▶ **Exercise data**
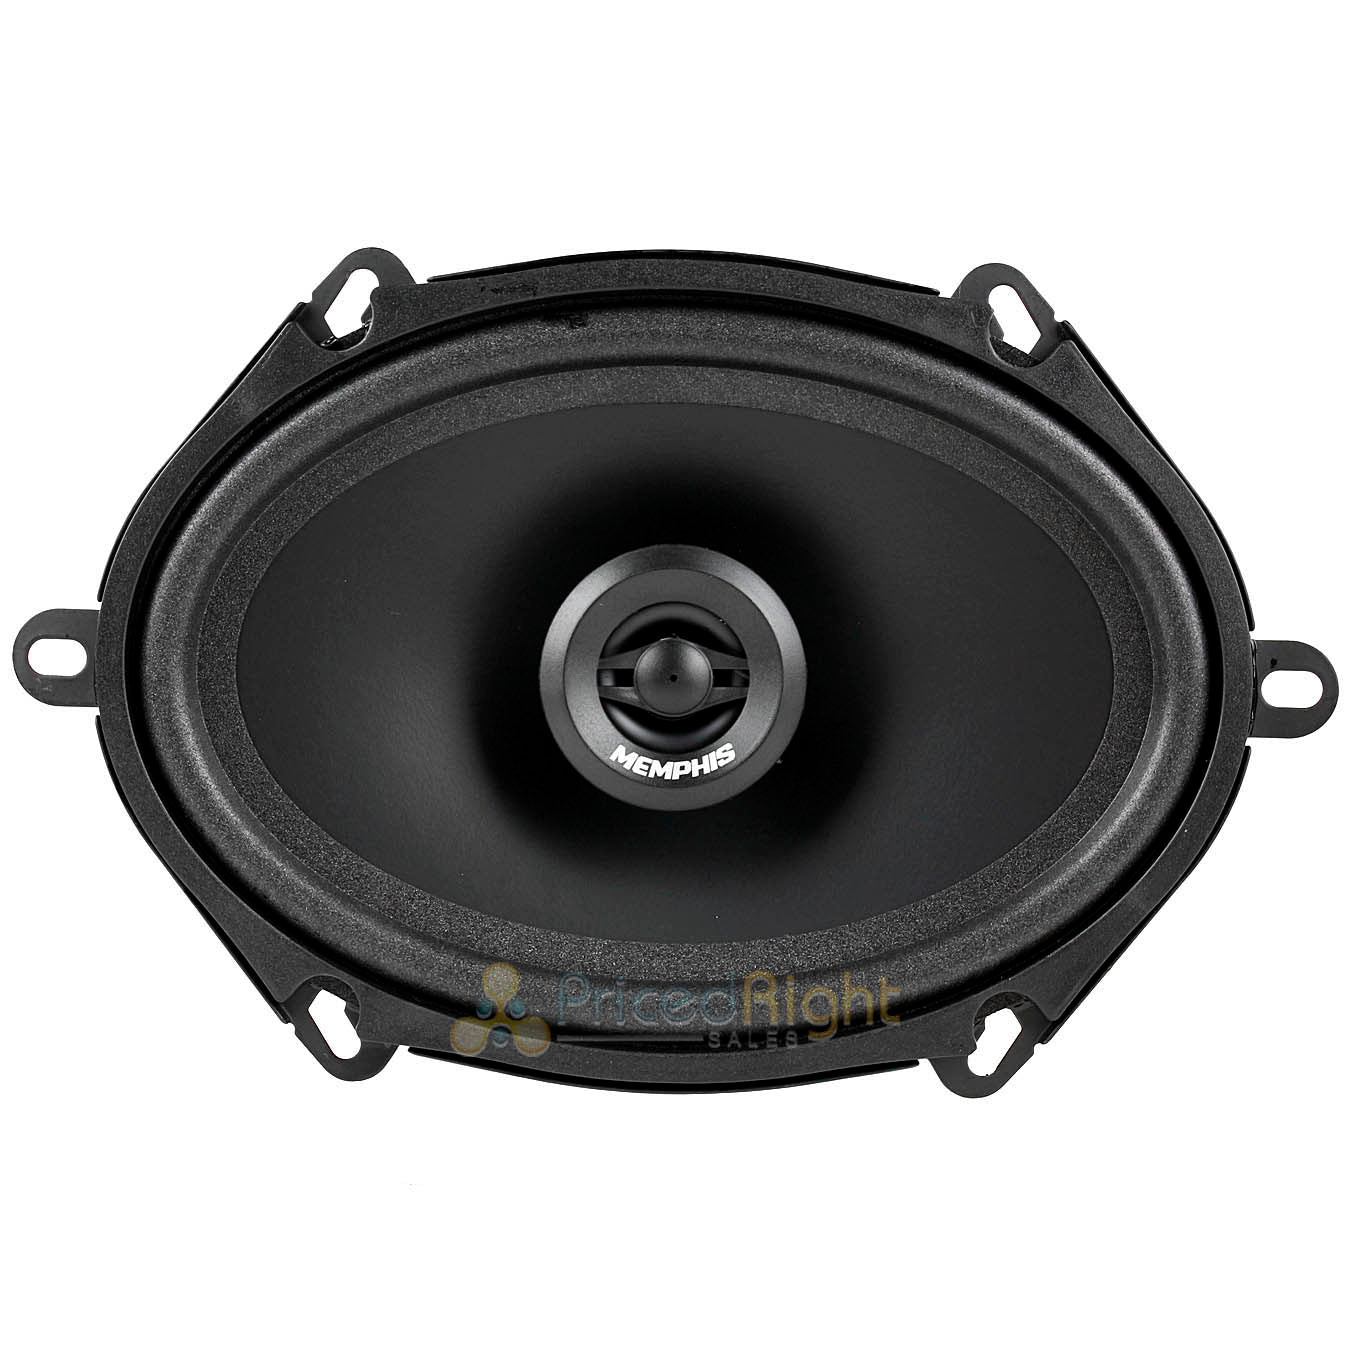 Memphis Audio 5x7" 2Way Coaxial Speakers 120W Max SRX572 Street Reference Series
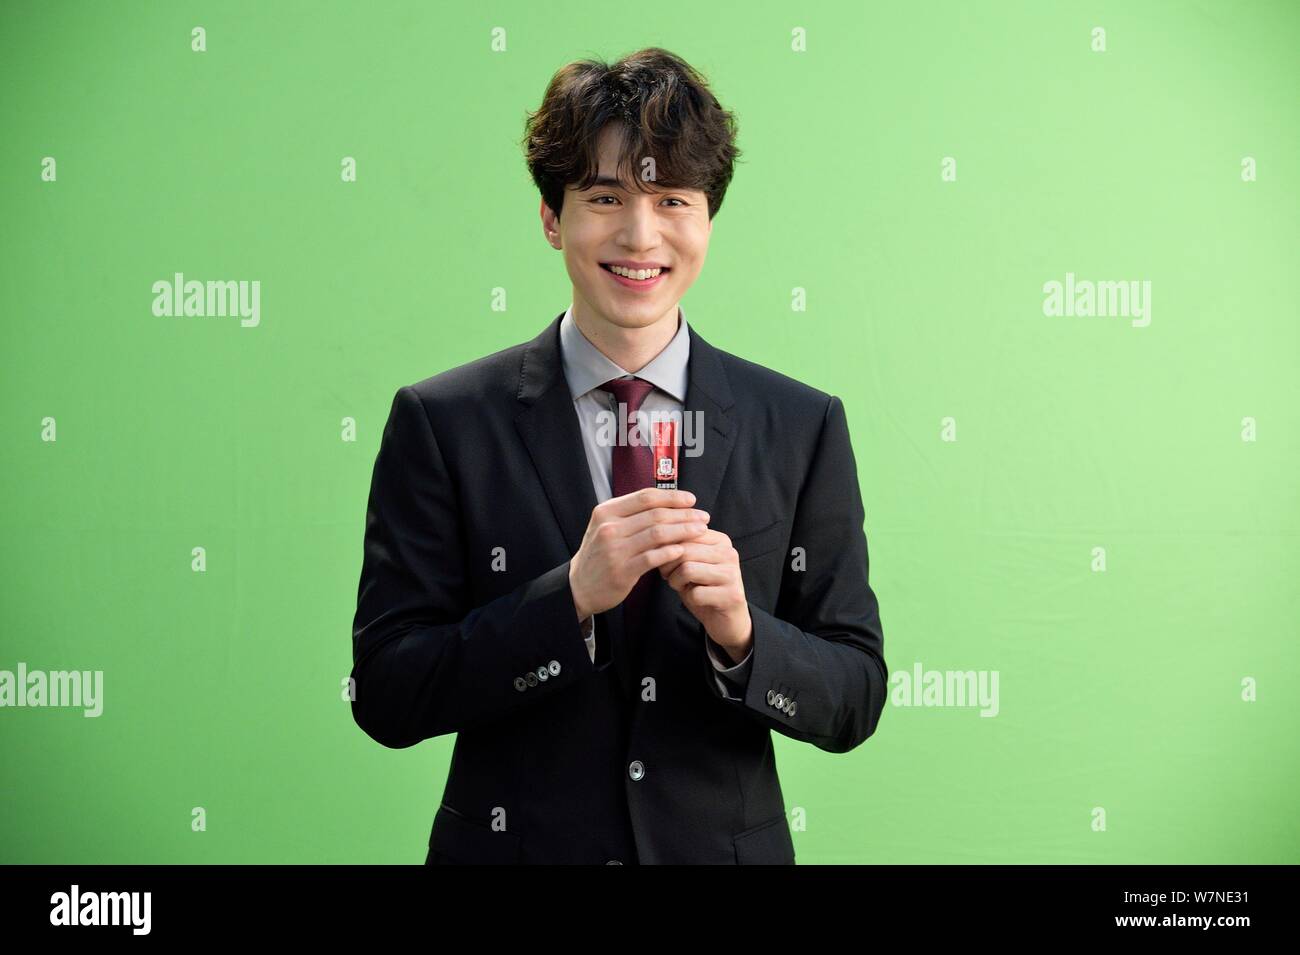 South Korean actor Lee Dong-wook, attends a photocall for the
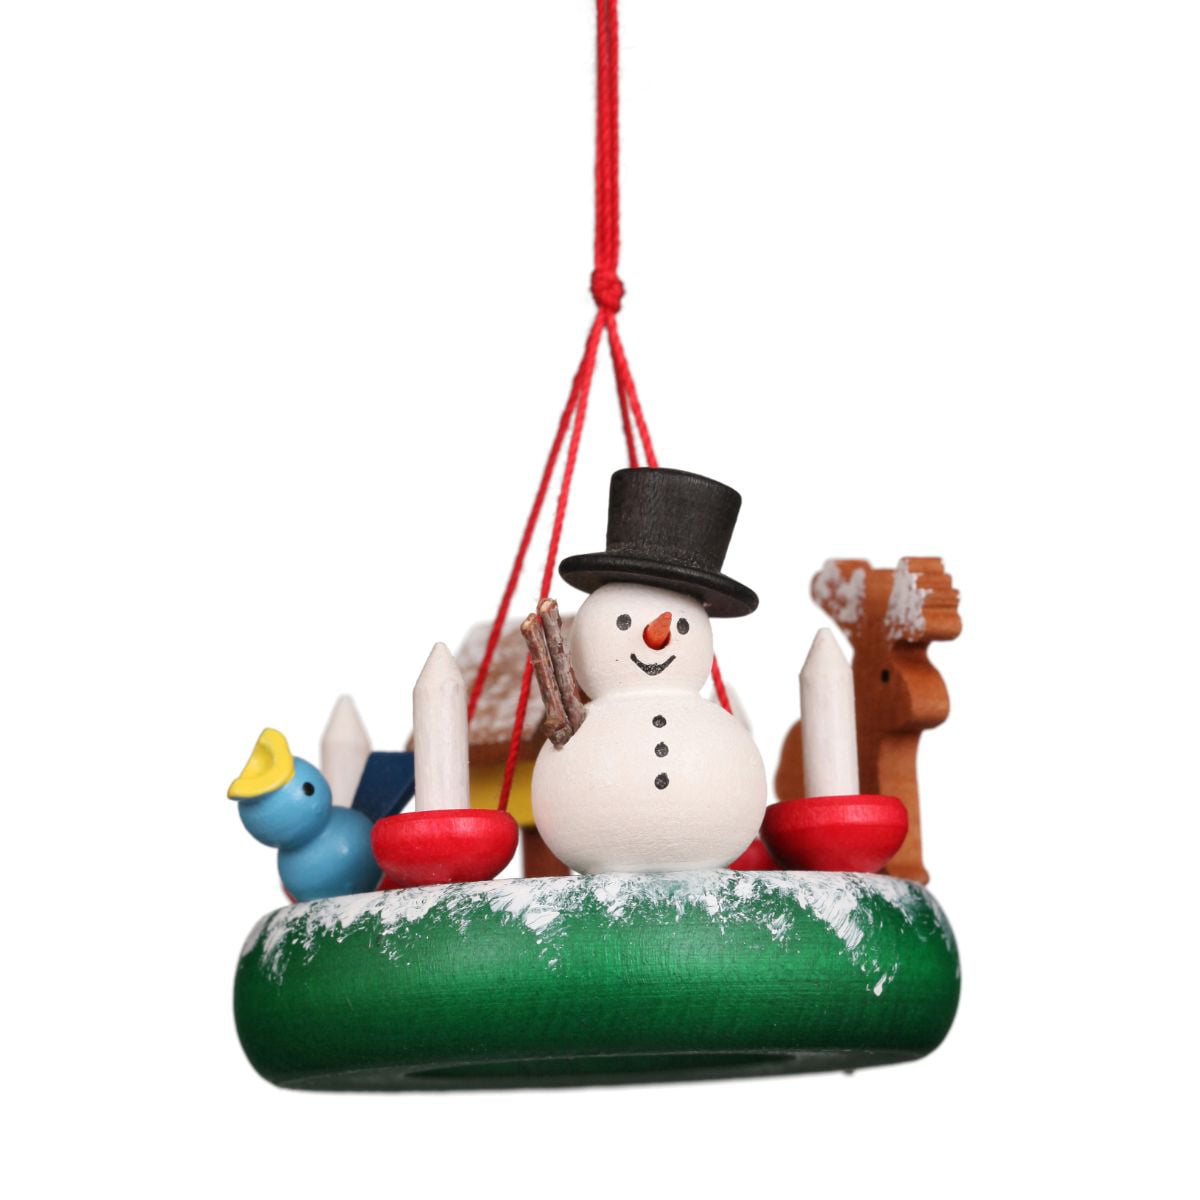 Picture of Alexander Taron 10-0659 Christian Ulbricht Ornament - Wreath with Snowman - 2 x 2.25 x 2.25 in.

▶ **Exercise brief**
Your answer should consist solely of the lines from the line with "South Korean actor" to the final line of the listing, set down word for word, pictures omitted.

▶ **Written answer**
 South Korean actor Lee Dong-wook, attends a photocall for the
 Picture of Alexander Taron 10-0659 Christian Ulbricht Ornament - Wreath with Snowman - 2 x 2.25 x 2.25 in.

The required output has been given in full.